MixDQ: Memory-Efficient Few-Step Text-to-Image Diffusion Models with Metric-Decoupled Mixed-Precision Quantization¶
Conference: ECCV 2024
arXiv: 2405.17873
Code: Yes (to be released)
Area: Image Generation
Keywords: Diffusion model quantization, mixed-precision, text-to-image generation, BOS-aware quantization, metric decoupling
TL;DR¶
To address the issue that few-step diffusion models (such as SDXL-turbo 1-step) are harder to quantize than multi-step models, this paper proposes MixDQ, a mixed-precision quantization method. It incorporates BOS-aware text embedding quantization, metric-decoupled sensitivity analysis, and integer programming-based bit allocation.

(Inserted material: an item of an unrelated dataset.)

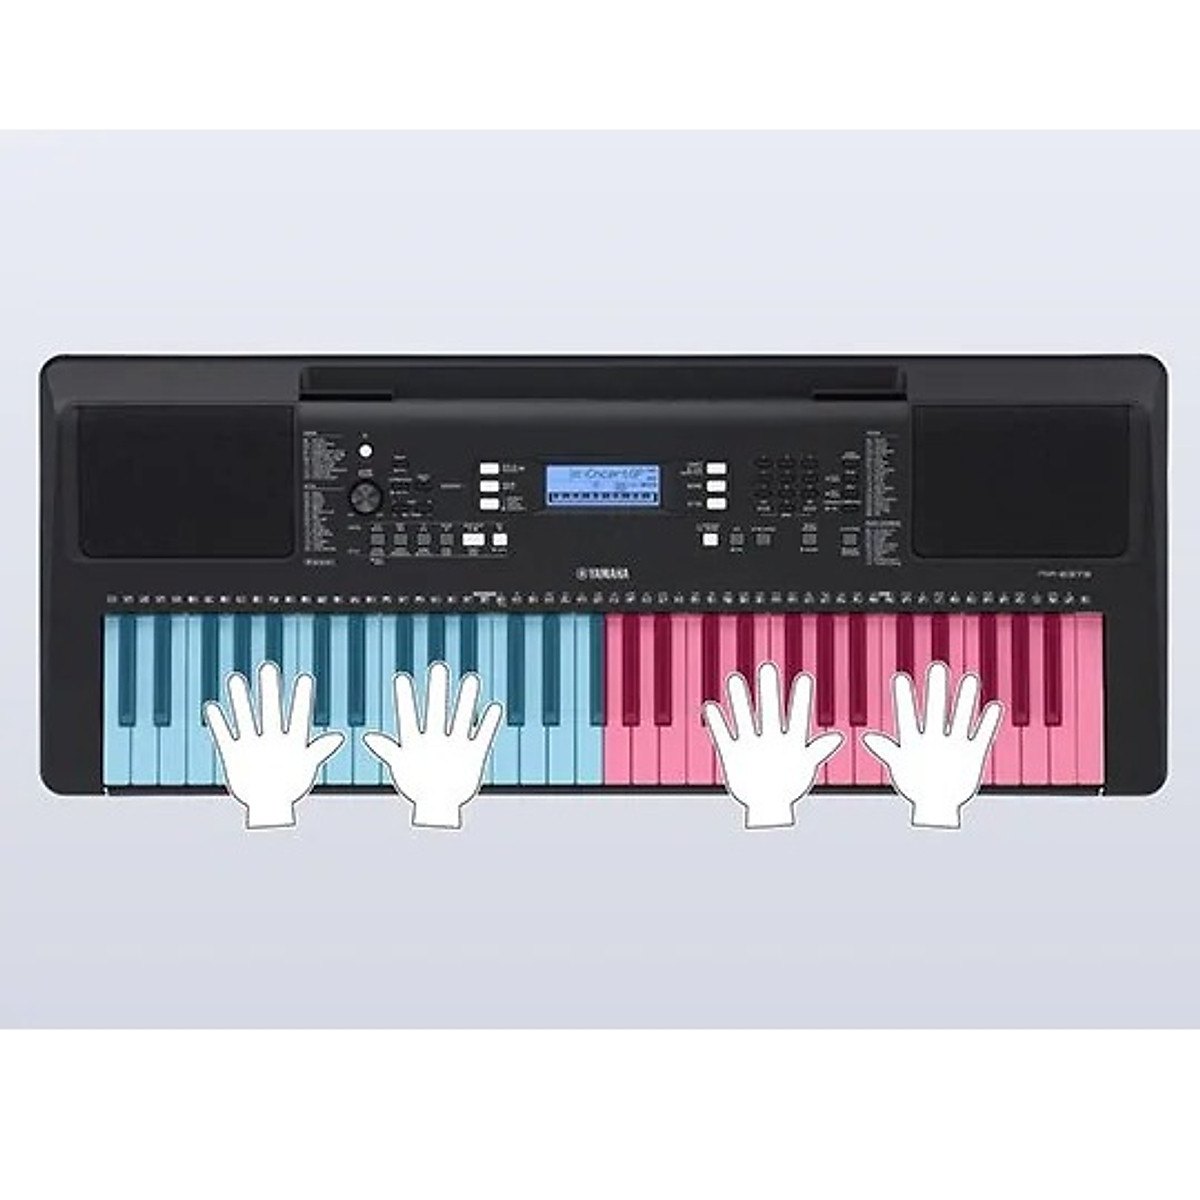 Đàn Organ điện tử/ Portable Keyboard - Yamaha PSR-EW310 (PSR EW310) - Màu đen - Hàng chính hãng:5244
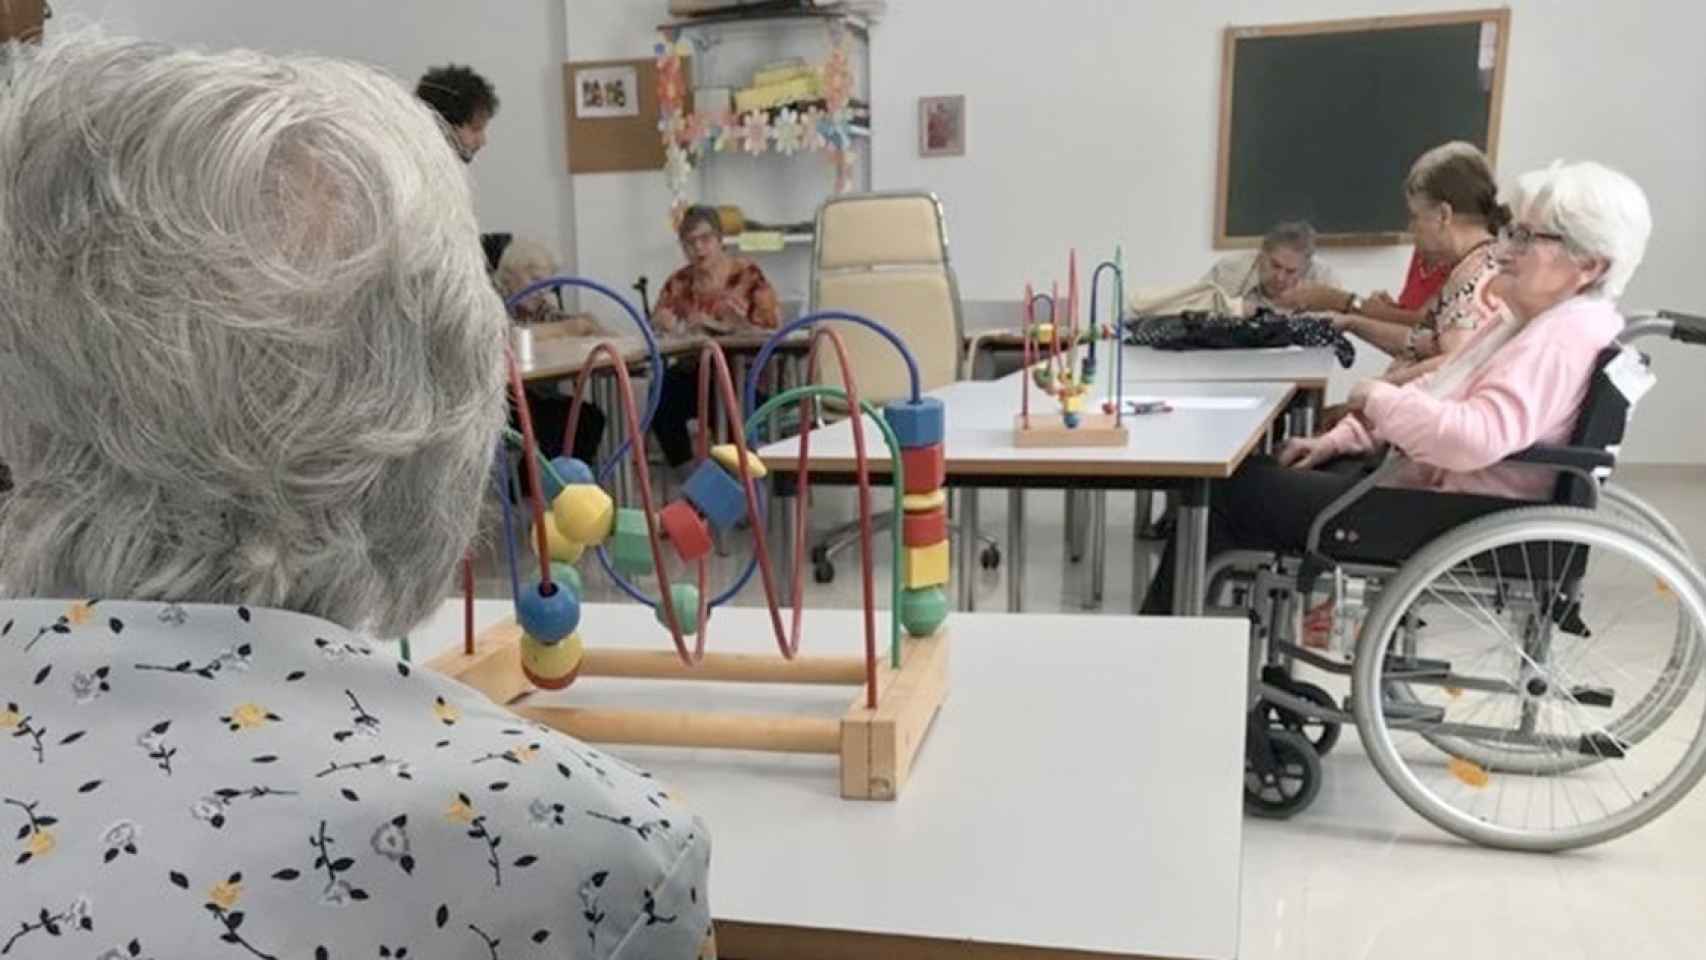 Centro de mayores con personas con dependencia / EUROPA PRESS

Under W4A8, it increases FID by only 0.5, achieving 3x model compression and 1.5x speedup.
Background & Motivation¶
- Background: Few-step diffusion models (such as SDXL-turbo) reduce the inference steps to 1–4 steps, significantly decreasing computational cost. However, the model memory consumption remains at 5–10GB, limiting deployment on mobile devices. Post-Training Quantization (PTQ) is an effective compression method.
- Limitations of Prior Work: (1) Few-step models are much more sensitive to quantization than multi-step models—the subsequent denoising steps in multi-step models can compensate for quantization errors, whereas 1-step models lack this error-tolerance mechanism; (2) Existing methods only focus on maintaining image quality while ignoring the destruction of image-text alignment caused by quantization; (3) Layer sensitivity exhibits a "long-tail" distribution, and uniform quantization is "dragged down" by highly sensitive layers.
- Key Challenge: In few-step models, a very small number of ultra-sensitive layers (mainly to_k/to_v in cross-attention) determine the overall quantization quality. The source of sensitivity in these layers is the abnormally large value of the BOS token in the text embedding (828 vs 10–15). At the same time, existing sensitivity metrics (like SQNR) overemphasize content shifts, leading to the sacrifice of quality-related layers.
- Goal: (1) Handle the outlier issue of the BOS token in text embeddings; (2) Decouple the distinct impacts of quantization on image quality and content for sensitivity analysis; (3) Find the optimal mixed-precision configuration under a given resource budget.
- Key Insight: Conduct in-depth analysis of layer sensitivity distribution and data distribution characteristics, identifying the root causes of the problem to address them one by one.
- Core Idea: Handle outliers through BOS-aware quantization, separate quality/content sensitivity using metric decoupling, and solve for the optimal bit configuration via integer programming, achieving almost lossless quantization of few-step diffusion models.
Method¶
Overall Architecture¶
MixDQ consists of three steps: (1) BOS-aware quantization to handle highly sensitive text embedding layers; (2) Metric-decoupled sensitivity analysis to evaluate the layer-wise impact on image quality and content separately; (3) Integer programming to allocate optimal bitwidths based on sensitivity. The entire workflow is applied to all linear and conv layers in the UNet.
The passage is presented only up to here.